→ GIVEN DATA

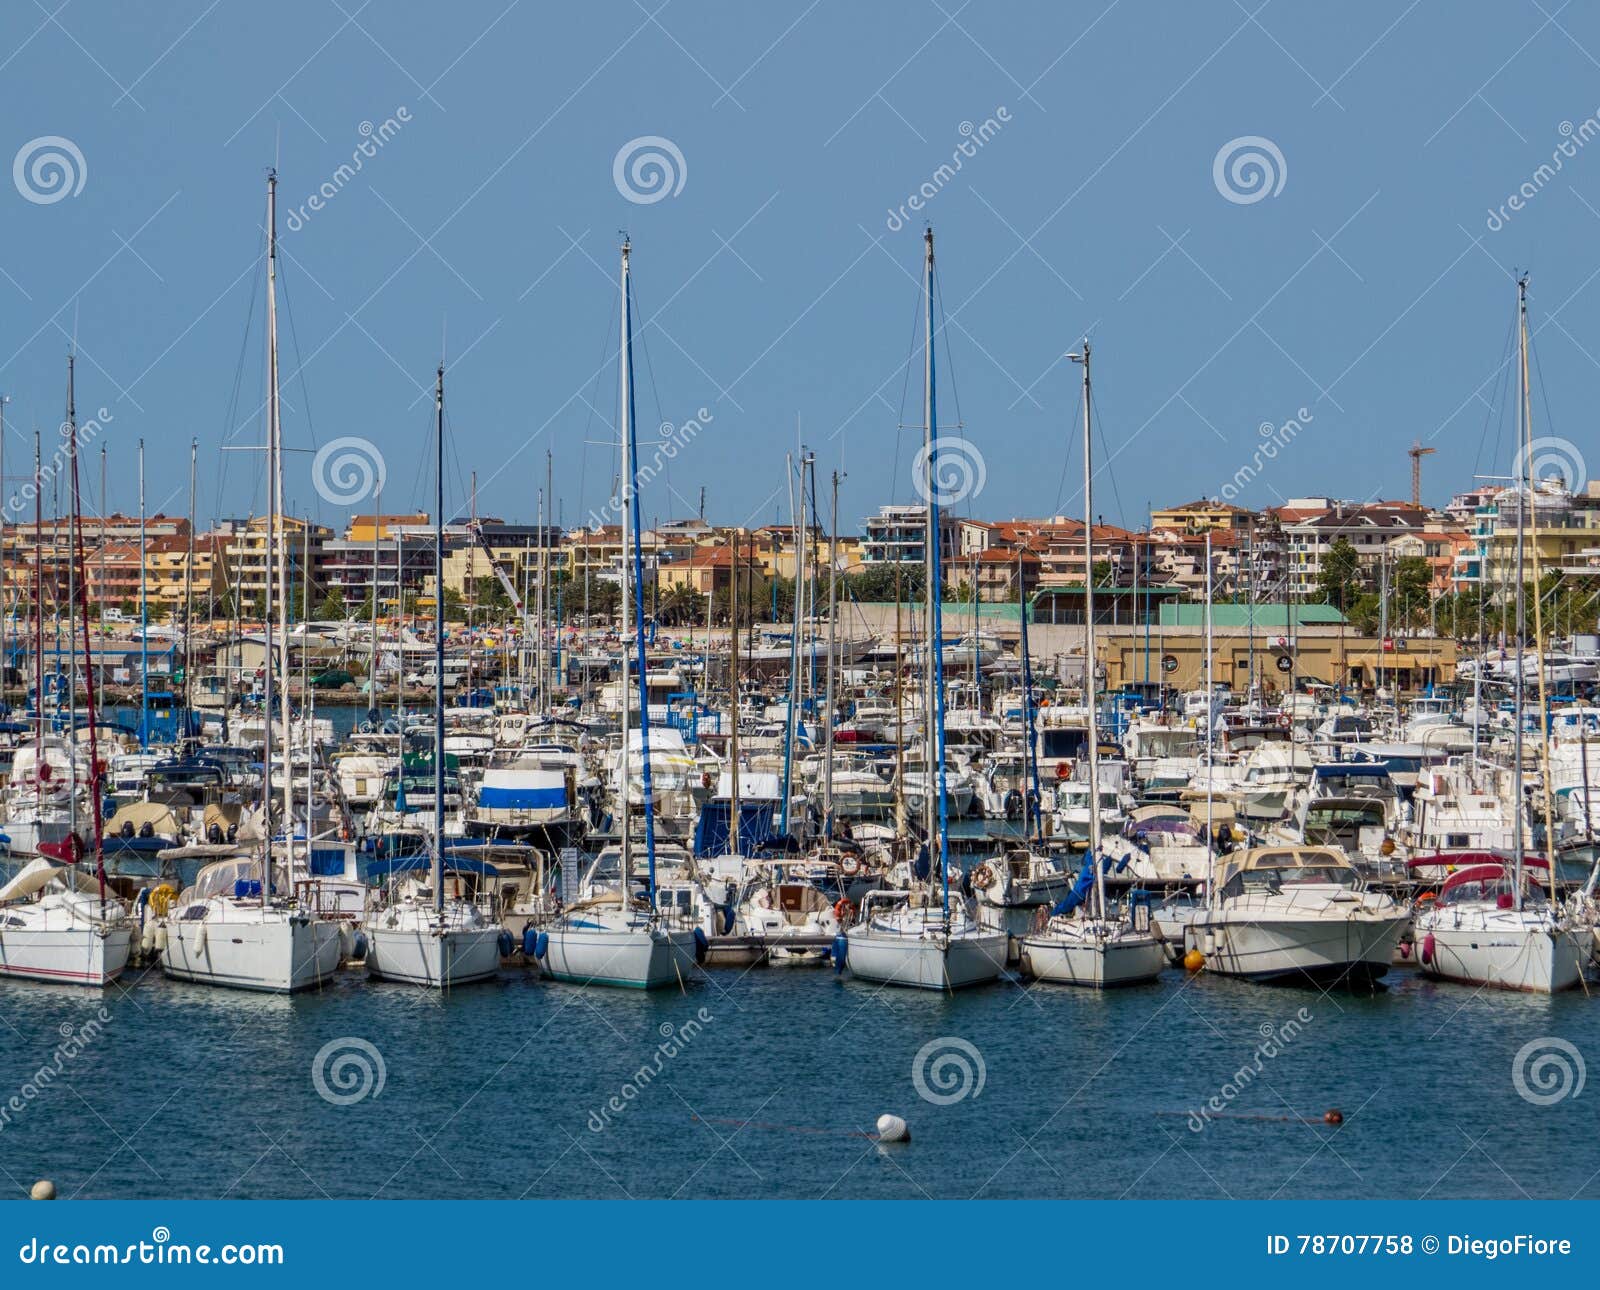 port of alghero
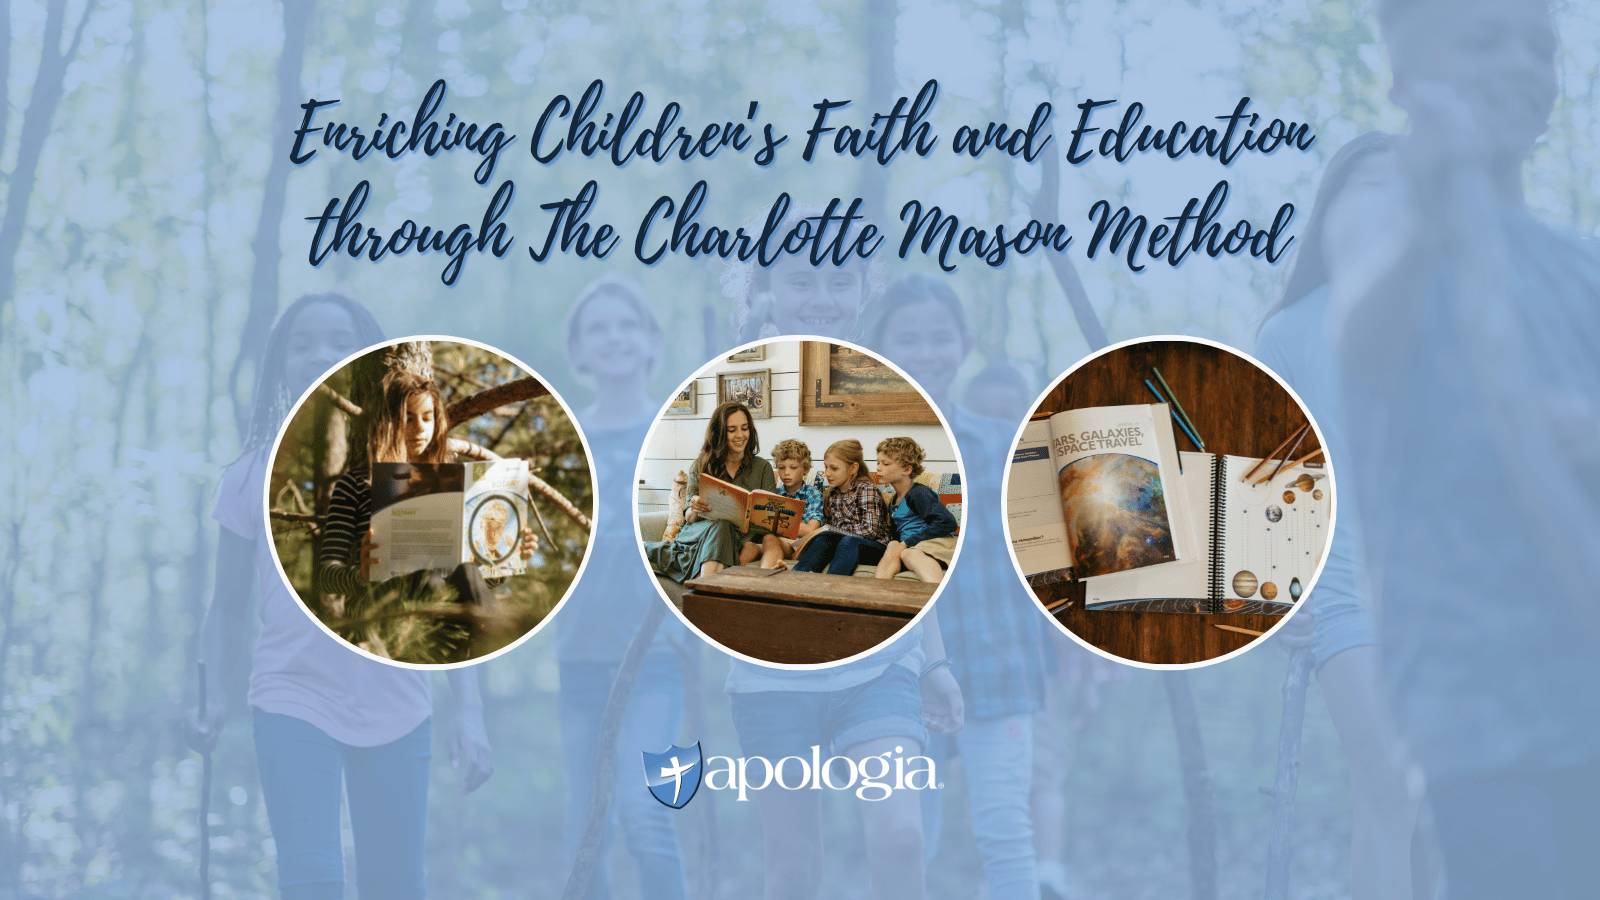 Enriching Children’s Faith and Education through The Charlotte Mason Method
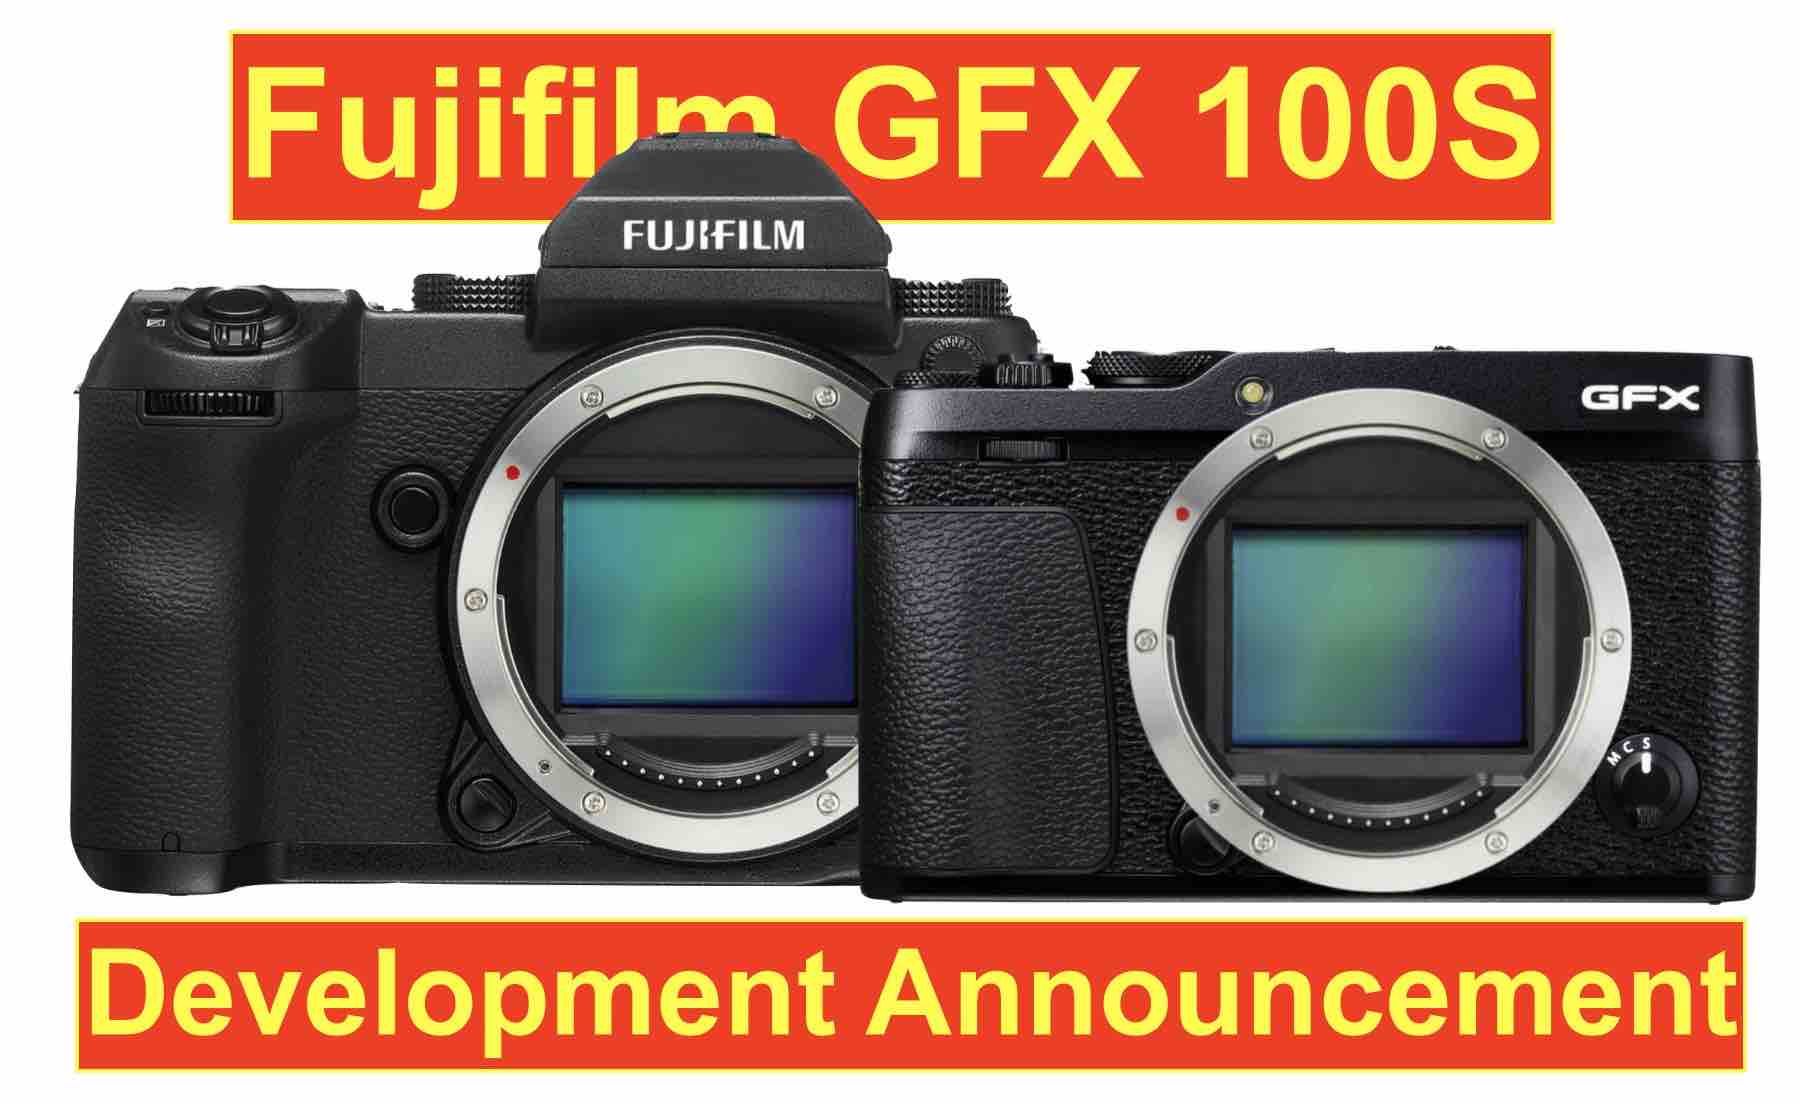 BREAKING: Fujifilm GFX 100S Development Announcement on September 25 at  07:30 AM New York Time - Fuji Rumors

→ THE PROBLEM
Write out the data precisely as given, excluding the pictures.

→ ANSWER SECTION
 port of alghero
 Enriching Children’s Faith and Education through The Charlotte Mason Method
 BREAKING: Fujifilm GFX 100S Development Announcement on September 25 at  07:30 AM New York Time - Fuji Rumors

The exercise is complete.